Where the rubber hits the road

The rubber tree comes from Brazil, but natural rubber itself mostly comes from SE Asia plantations these days. One of reasons is the leaf blight fungus, but now comes news of resistant varieties. This may herald a resurgence in climate-friendly natural rubber at the expense of the synthetic kind, which is made from oil. But will that positive effect be negated by increased cutting down of the rainforest to establish new plantations in Brazil?

Drought resistance

A couple of very different stories about drought resistance in the media today. The first one describes – albeit very briefly – how Italian breeders have come up with a new tomato variety that needs about a quarter of the water of thirstier types. It’s not clear from the article, but I got the impression genetic modification was involved, which would be odd as some wild tomato species are found in deserts! So I did a bit of snooping on the website of ENEA, the institute where the research was done, and I found a press release from a few days back which suggests (in Italian) that perhaps it was not genetic transformation but rather functional genomics that was involved.
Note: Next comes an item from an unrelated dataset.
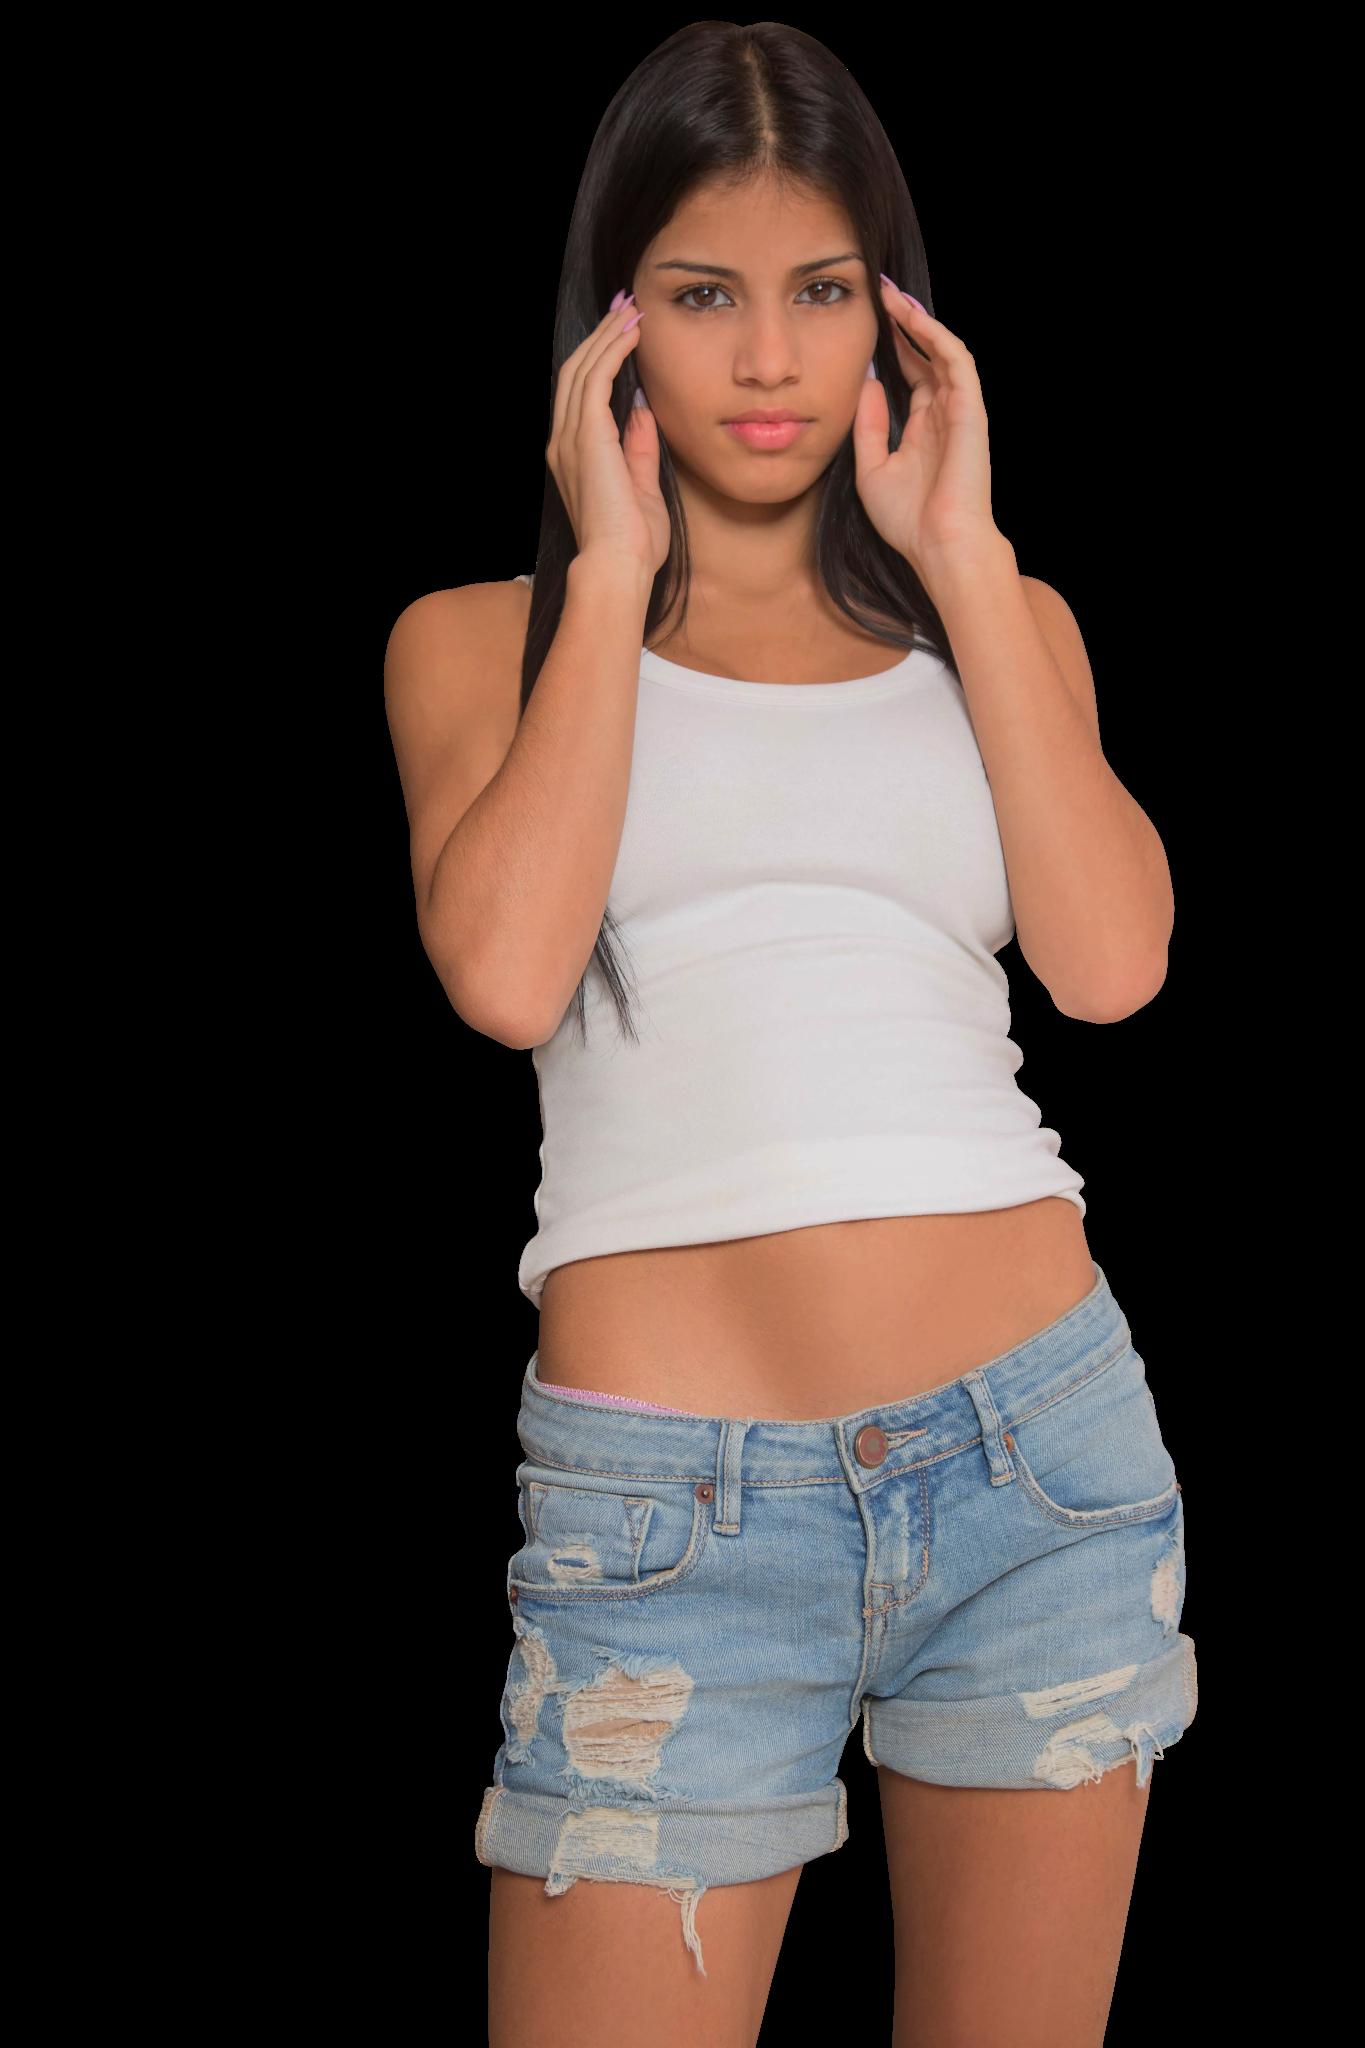 Models - Denisse Gomez

The second piece tells us how a combination of experimental and observational work by Smithsonian Tropical Research Institute scientists in Panama is suggesting that even in the humid tropics it is drought which is limiting the distribution of many species. As climate change is expected to manifest itself primarily though shifts in rainfall patterns in the tropics, this means that dramatic changes are likely in the composition of plant communities in Central America.